Monthly subscriptions to X-Systems Broadband start at £25 for the 1Mbps service. Set-up costs £149 per household. Backhaul connections will be over either satellite or leased-line links, as appropriate. Services can be set up within four weeks, the company claims.

X-Systems company is inviting home users in rural areas, community groups and businesses to register their interest in the service on its site. So far 1,300 people have registered an interest, according to X-Systems.

However some punters who followed through on this offer and registered on the site were surprised to find they had to pay £499 for a pack containing legal documents, before a community can apply to purchase the service. This line of criticism was picked up in postings to the popular forum.

Your site sucks

Reg readers also picked up on the quality of Peterborough-based X-Systems' Web site, which many felt diminished the credibility of the offer. Reader John Wallace's comments were typical.

"If you look at the Web sites there is almost no product info and even less contact info. To get more info from them you have to fill in everything about yourself about from your shoe size."

"If you or your colleagues had an in-depth broadband background (either DSL or wireless) you'd realise that their claims of 'national coverage' and 'immediate availability' are simply not credible."

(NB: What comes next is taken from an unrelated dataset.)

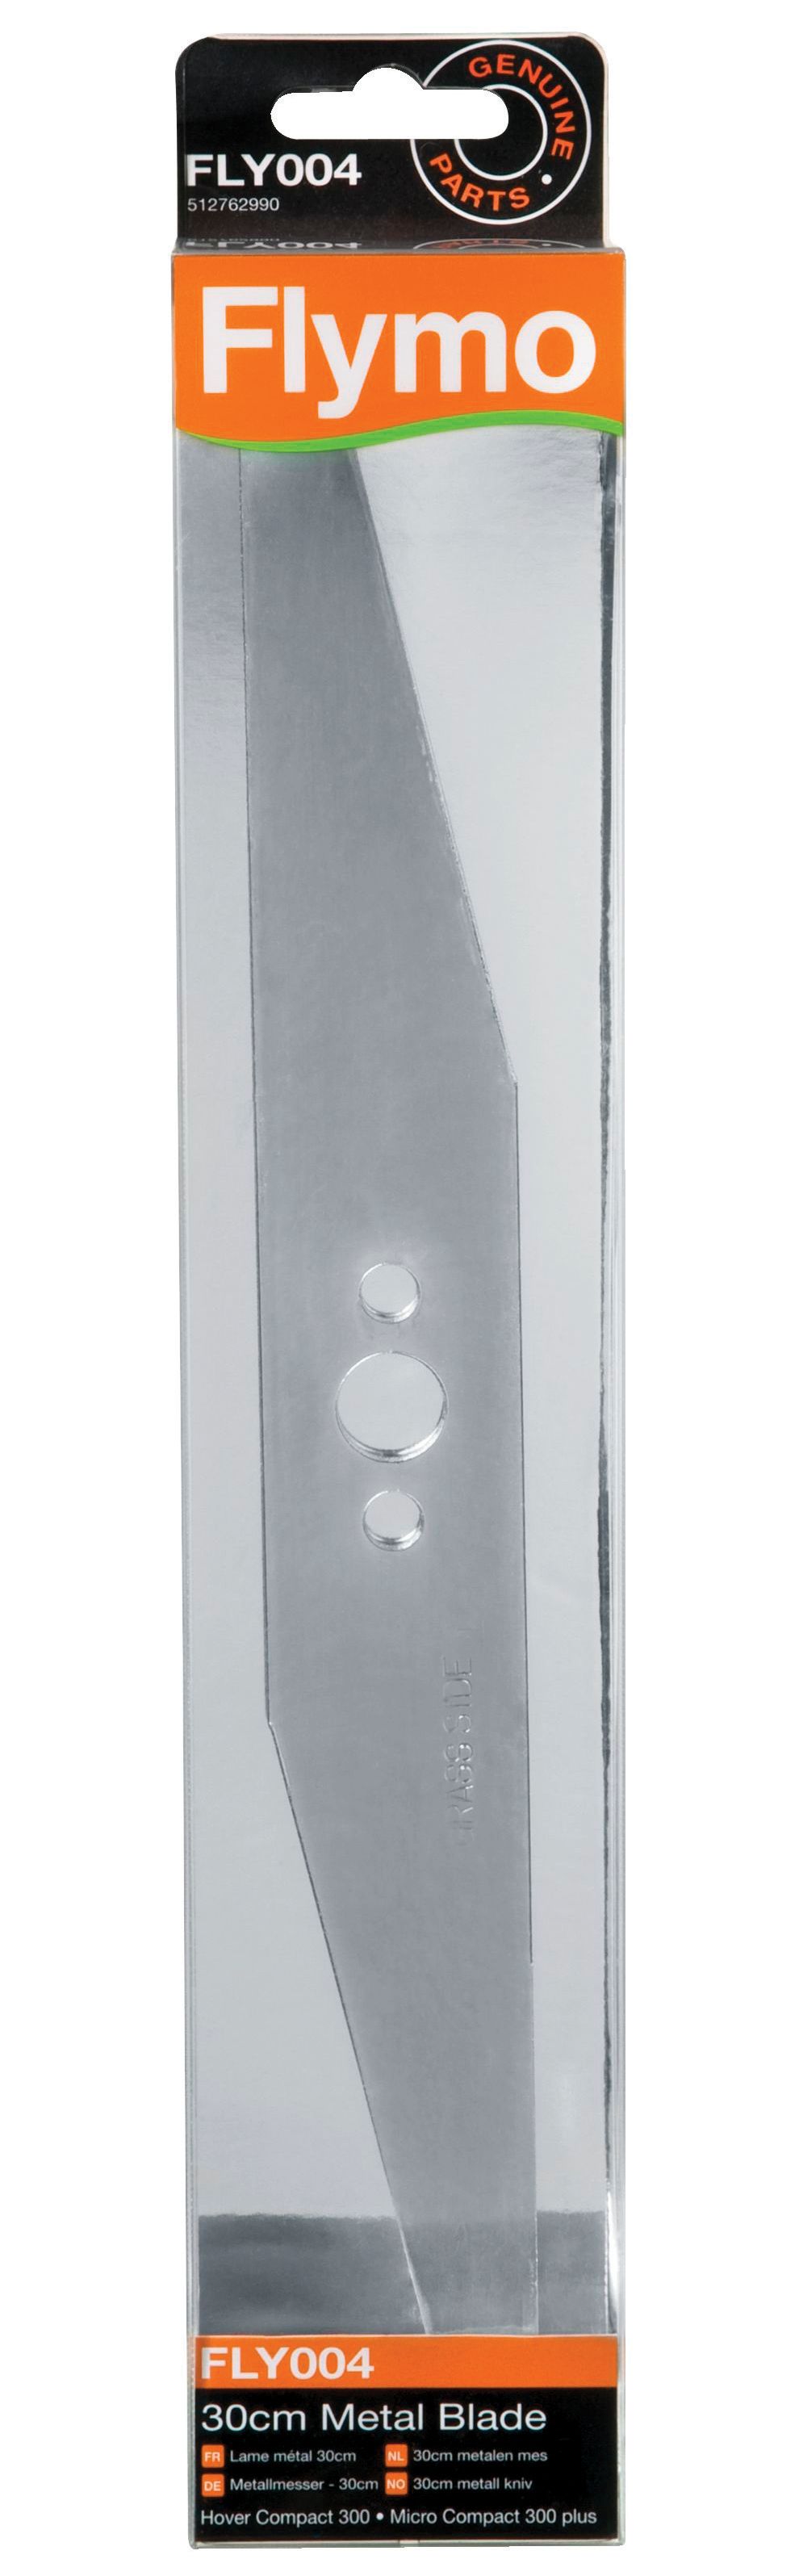 Image of The Flymo FLY004 Metal Lawnmower Blade - 30cm

"When someone like Pipex announces they're doing national wireless, I'll believe it. But not from this lot," he added.

Reg Manuel Lourenco added: "It amazes me how some businesses approach product launches. Considering their Web site will be the first port of call for most of their prospective customers you'd have thought they could spend more than fifty quid on developing it."

"Interestingly enough, Bulldog was just as bad with their Web site when they started offering high-speed ADSL in Central London ... is this a trend developing?"

Tim Helstrip, a director of X-Systems, said he would take these criticisms on board. He said the site was developed by a Prince's Trust-supported Web designer.

Why community associations might make sense

On the more substantive criticism about the cost of initial paperwork in setting up a community association, Helstrip was vigorous in his defence of X-Systems' approach which he compared to a share club model. Setting up a community association did not create barriers to entry, he said.

The cost of the community pack is £10 per household and would be discounted from installation costs if groups decided to go with X-Systems.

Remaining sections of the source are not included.